Although velocity can be measured anywhere along the trajectory, it is costly and impractical to take this measurement anywhere beyond the muzzle. Many shooters will use a chronograph placed just a few feet in front of the muzzle to measure a projectile’s initial velocity. Chronographs are rather simple devices that are made up of sensors and timing devices. As the projectile passes over the first sensor, the clock “starts” and runs until the projectile passes the last sensor which “stops” the clock. Since the sensors are placed at a known distance, the time measured between the first and last sensor calculates the velocity. Chronographs are commercially available for between $100 and $600.
Applicability: Measuring initial velocity is required to calculate other important ballistic factors such as kinetic energy and bullet drop. Also, since consistency and repeatability are key factors in mechanical precision, measuring initial velocity can demonstrate how consistently (or inconsistently) a specific cartridge performs in a specific firearm.

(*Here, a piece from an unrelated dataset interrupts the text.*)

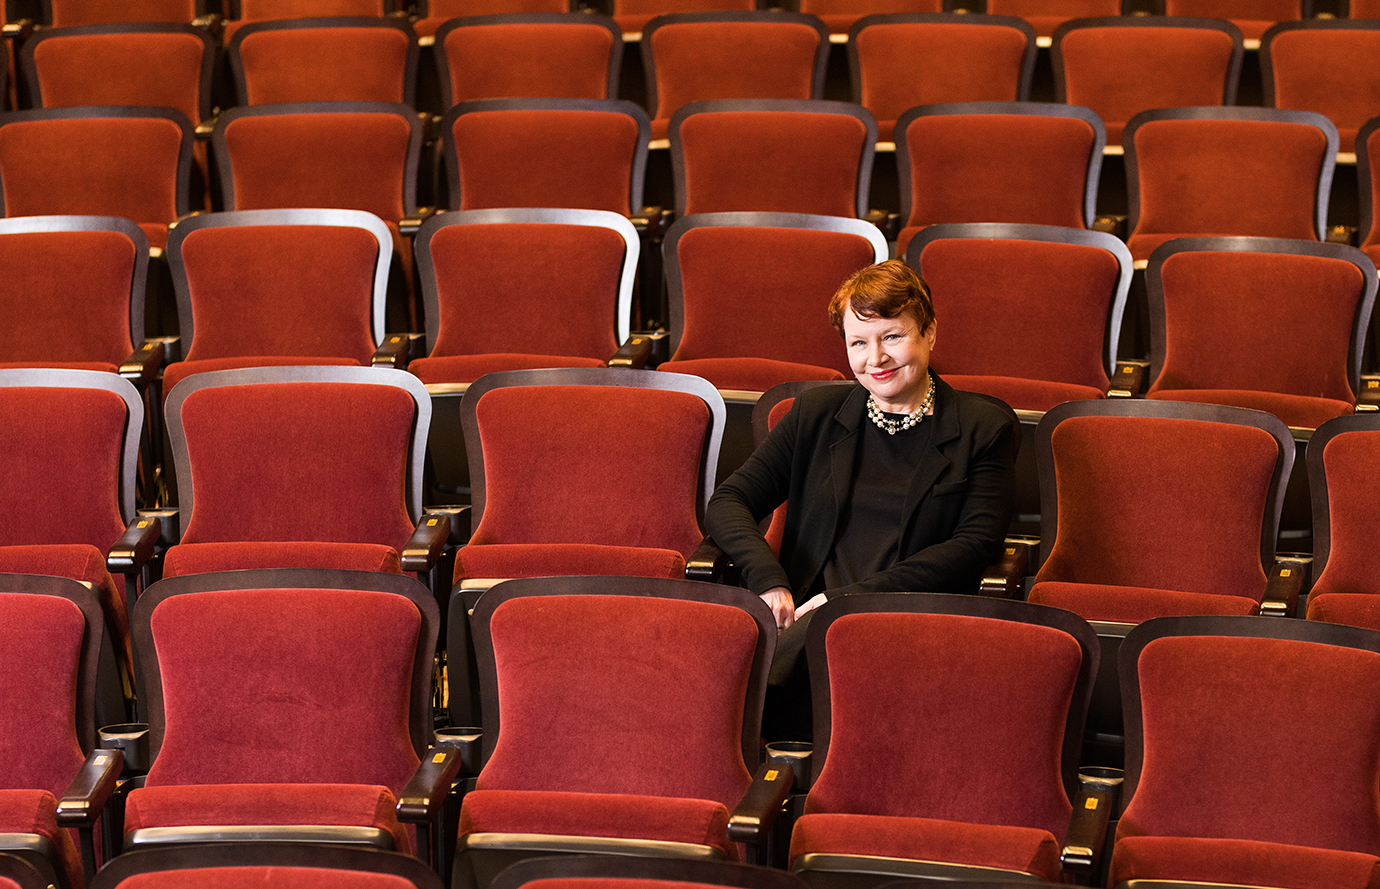 A woman sitting in a theatre, surrounded by red seats
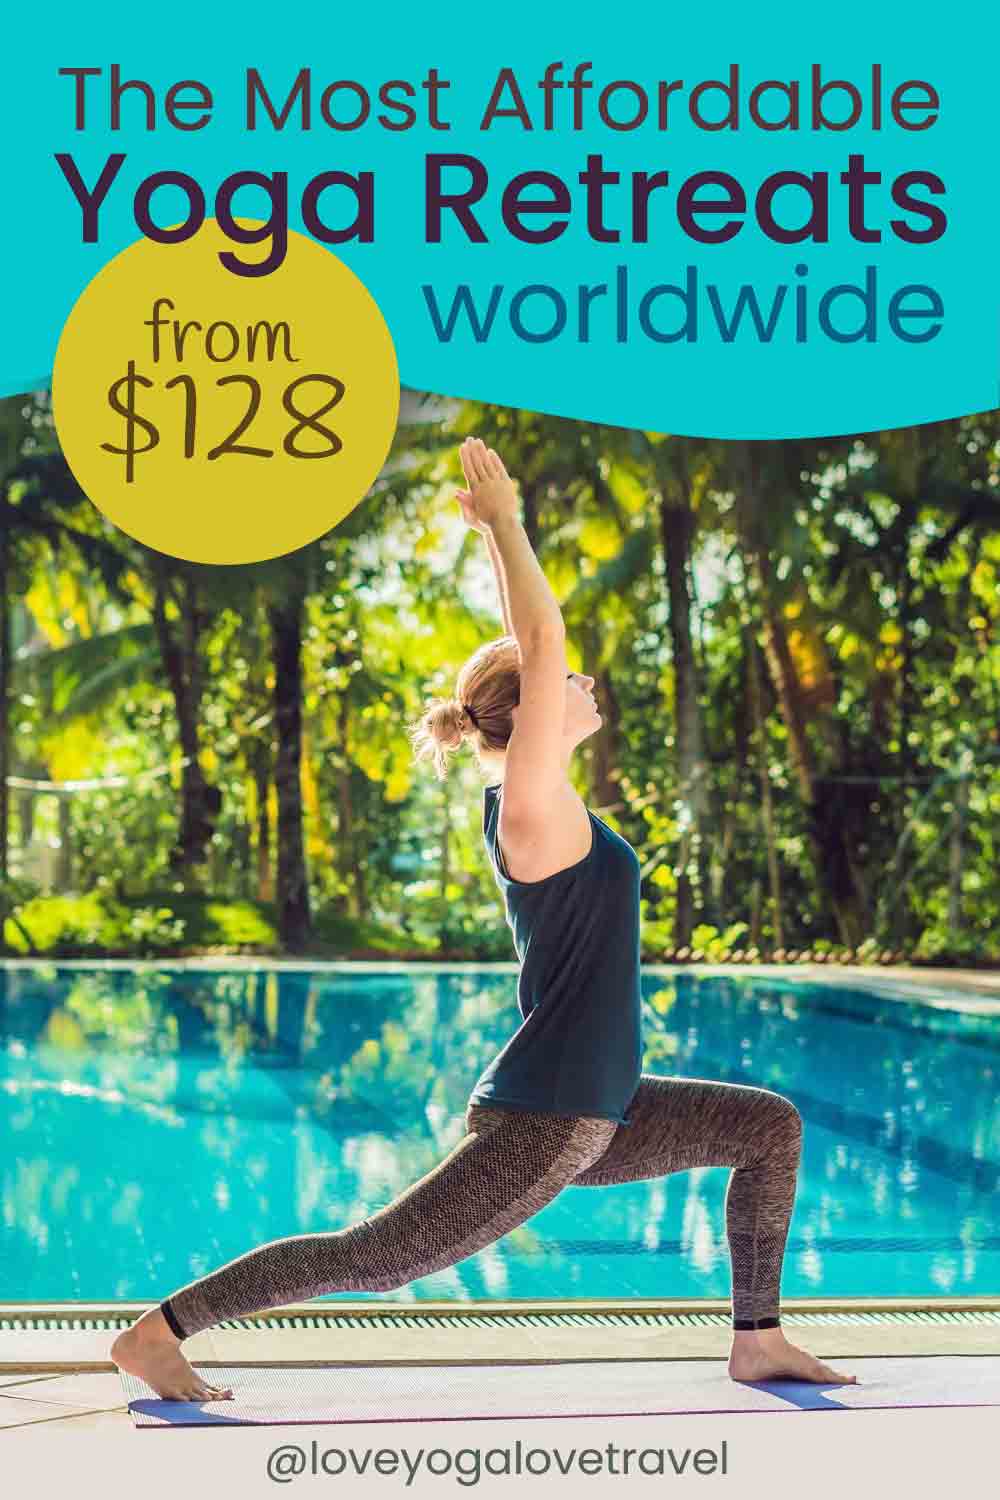 Pin Me! "The Most Affordable Yoga Retreats in the World"

Kinetic Energy: All objects in motion have kinetic energy. Newton’s fundamental law of Conservation of Energy states that energy can neither be created nor destroyed. Since all objects in motion possess kinetic energy, this energy must be transferred from the projectile into the target on impact. By measuring the kinetic energy of a projectile at the muzzle, we can calculate how much energy will be transferred into the target at a certain distance.

Kinetic energy is simply calculated by multiplying ½ times the mass of the projectile times the square of the velocity… or KE = ½ * MV^2.
While projectile velocity is typically measured in feet per second (ft/sec), Kinetic Energy is typically measured in foot-pounds. For those interested in calculating kinetic energy for themselves, KE = ((projectile weight in grains)*(velocity in feet per second)²)/(450,400). The number 450,400 combines the conversion from grains to pounds with the ½ required to calculate kinetic energy.
For example, I recently chronographed a few of my hand-loads in my rifles and pistols. In my Remington 700 in .308cal, I fired a series of 175 grain hollow point boat tail projectiles and calculated an average muzzle velocity of 2,762.4 ft/s. Using the formula for kinetic energy above, KE = ((175)*(2762.4)²)/(450,400) = 2,964.92 ft/lbs of kinetic energy.I conducted the same test with my AR-15 in .223 and my 1911 in .45ACP. In the AR-15, the 62gr projectiles averaged 3,036.80 ft/s and resulted in 1,269.48 ft/lbs of energy. In the 1911, the 230gr projectiles averaged 772 ft/s and resulted in 304.34 ft/lbs of energy.
The important concept here is that velocity plays a greater role than projectile weight when it comes to kinetic energy. Notice how the .45cal bullet is clearly the largest projectile fired in my test, but its low velocity resulted in the lowest kinetic energy. Also note how the weight of the .223 projectile was just over one-third the weight of the .308 round, but due to the fact that it was nearly 300 feet-per-second faster than the .308 round, it possessed just under one-half of the kinetic energy at the muzzle.
For a very loose comparison, scientists have “estimated” that a professional boxer’s punch delivers 330 ft/lbs of kinetic energy. (note, this is a very rough estimate because the boxer’s fist is attached to the body which is not “limp” on impact. A boxer can continue to “thrust” a punch following impact whereas a firearm projectile is left with only resultant mass and velocity). For the purposes of this argument, compare the 330 ft/lbs of a boxer’s punch to the muzzle energy of the 175gr .308 (2,762.4 ft/lbs), 62gr .223 (1,269.48 ft/lbs), and 230gr .45ACP (304.34 ft/lbs).
Applicability: Even with the considerable kinetic energy of the 175gr .308 projectile, there is really no such thing as “knock-down power” in regard to human or large animal targets. Granted the projectile’s kinetic energy will puncture paper or knock-down certain steel or wooden targets that are designed to fall, the energy transferred from a projectile into a human or large animal target will not knock it down from impact alone. The kinetic energy transferred will, however, contribute to penetration and/or expansion. Therefore projectile performance and shot placement play the greatest role in ending the threat or taking down the game animal. This will be discussed in greater detail in my forthcoming articles on Terminal Ballistics.

Gyroscopic Stability

If you recall our discussion in External Ballistics Part I, there is a moment when the projectile transitions from controlled movement in the barrel to free-rotating travel outside of the barrel when Yaw, Precession, and Nutation cause it to “wobble” in a helical pattern. You may also recall how these forces quickly dampen the “wobble” into a predictable and stable flight. This is due to the fact that All spinning objects possess gyroscopic properties. In a firearm projectile, these gyroscopic properties contribute to a principle called “rigidity in space” which creates the gyroscopic inertia required for the projectile to travel along a predictable trajectory.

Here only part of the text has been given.